We use Redpanda mainly for three purposes. The first is the standard Kafka-like data ingestion pipeline where you get an event and want to distribute it into multiple applications, not just one. The second, which is our main use case, involves capturing video recording data. When you consider how many video cameras exist even in a single city or metro, the volume becomes substantial. We capture what happened at each second, but we do not directly push it into the database. Instead, we pass it through Redpanda to ensure that everything follows a certain shape. Sometimes the data is corrupted, incomplete, or missing information. For example, an amount cannot be arbitrary; it has to be a specific number. We perform all those cleanups in our code while flowing the data through Redpanda with schemas in place. The third use case is backpressure management. If you want water to do the dishes but receive a fire hose instead, we ensure that you get the right amount of quantity. We keep this very simple, and after a certain point, it becomes a day-to-day operation.
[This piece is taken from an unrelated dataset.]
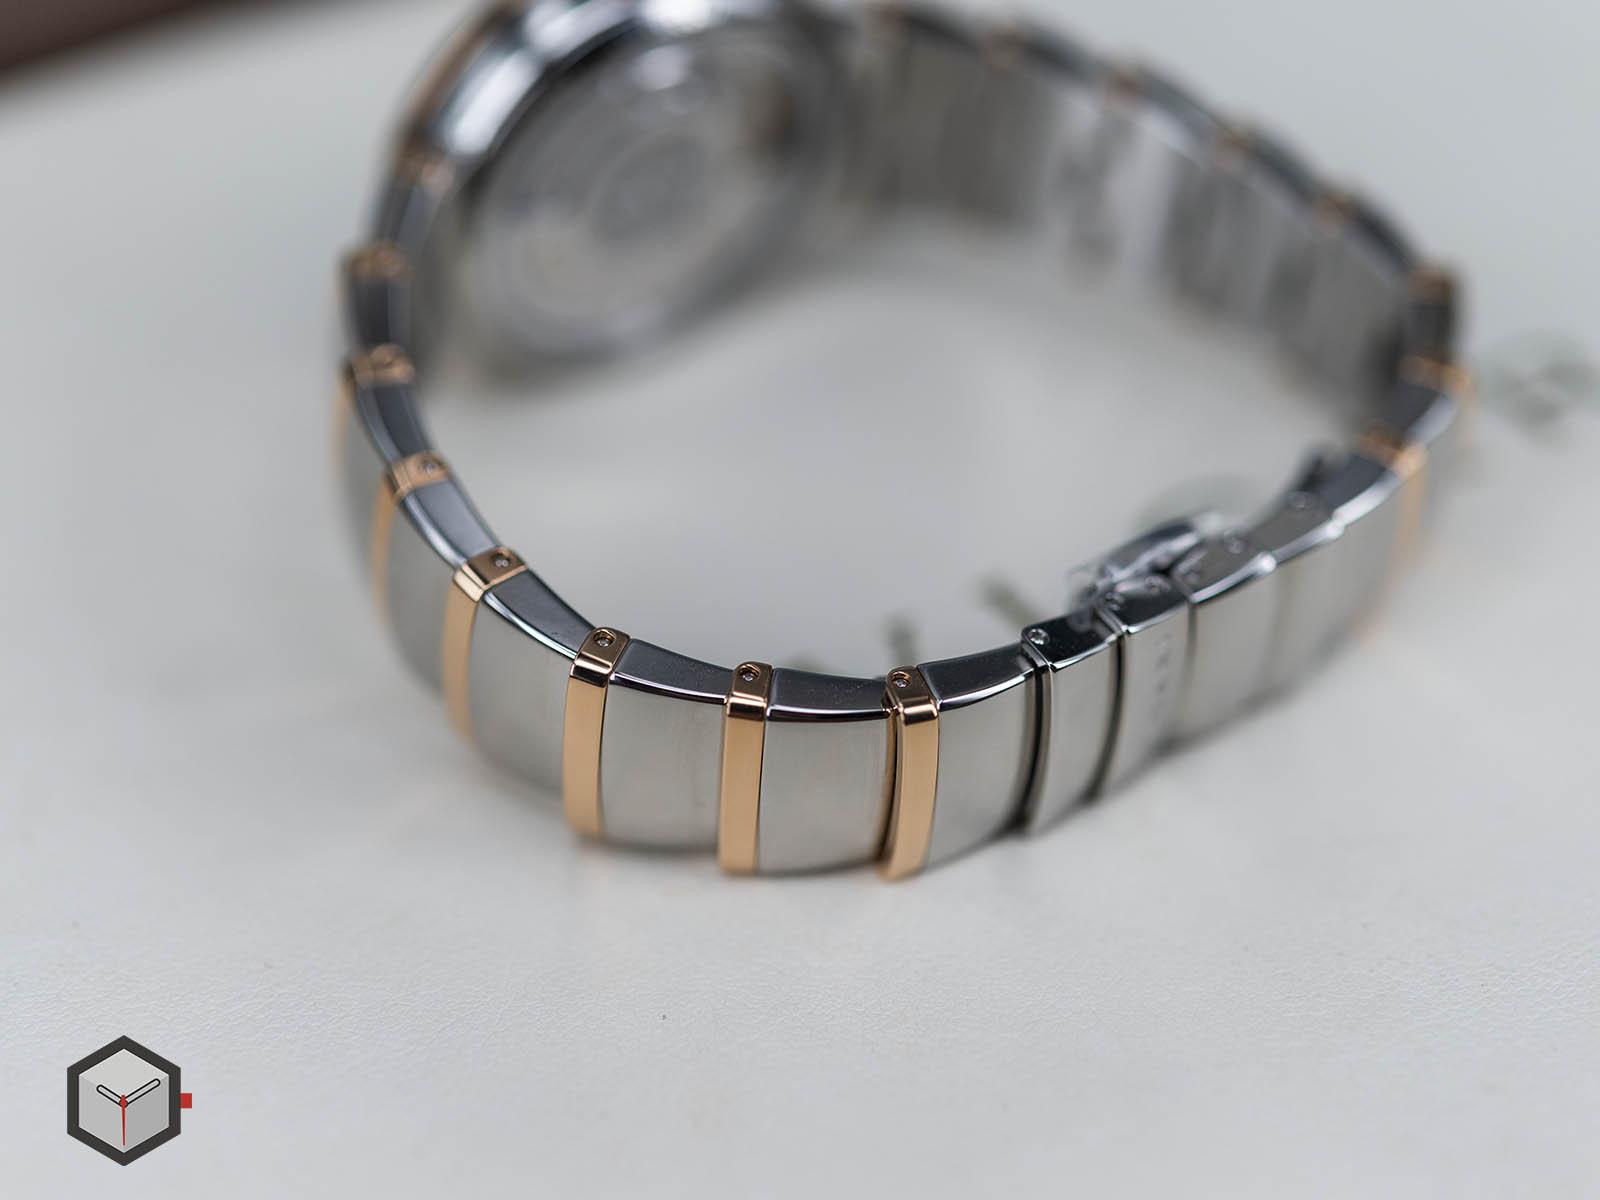 102980-bulgari-lvcea-automatic-stainless-steel-gold-11.jpg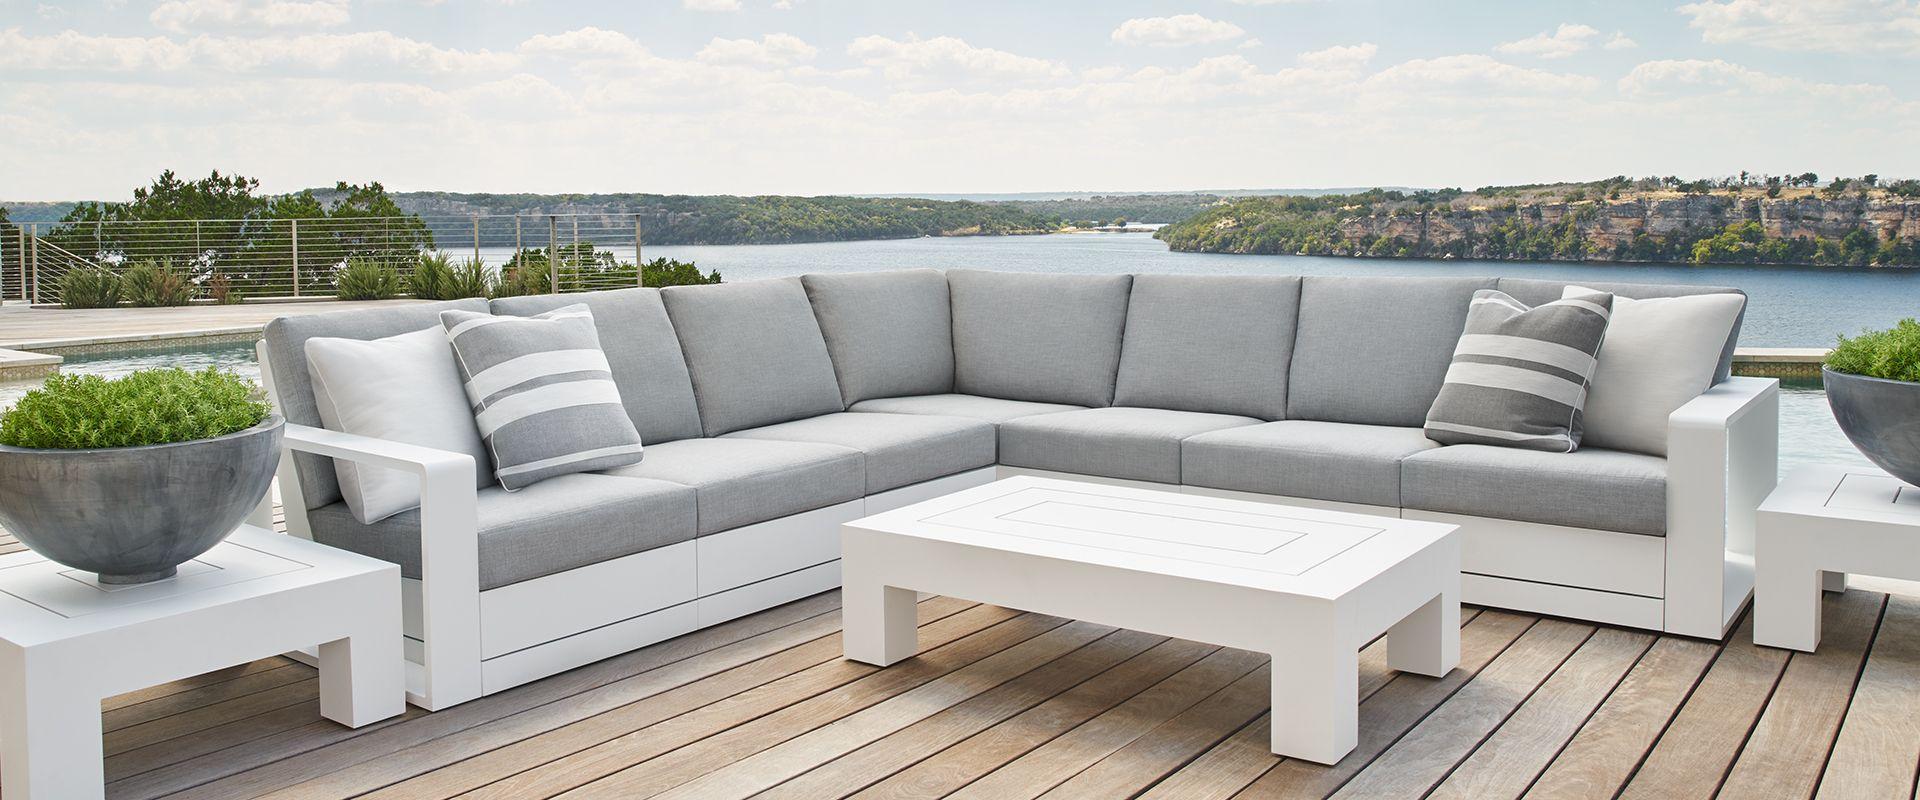 Superior Sutherland Furniture | Luxury Outdoor Furniture And Indoor Accessories

Redpanda can handle real-time financial data streams and support aggregations. For example, with stock data where each tick represents a price point per second—such as Apple stock being 252.3, then 258, then 247—you can create means, medians, and averages. All these calculations work perfectly as long as your functions are pure. You get all the data without making additional API calls or database calls, flow it through Redpanda or any Kafka instance, and perform all kinds of calculations very quickly. The database is generally the slower component. Every single time we found it was almost always the database that gets slower or the way we normalize data causing issues. Redpanda never gave us any problems. I remember RabbitMQ used to give us a lot of problems, but all those problems are gone with Redpanda.
The video example I shared involves webcams. If you consider webcams as IoT devices, we use them that way and it just works. It is not real-time in the strictest sense, but it is almost real-time, which is good enough for our case.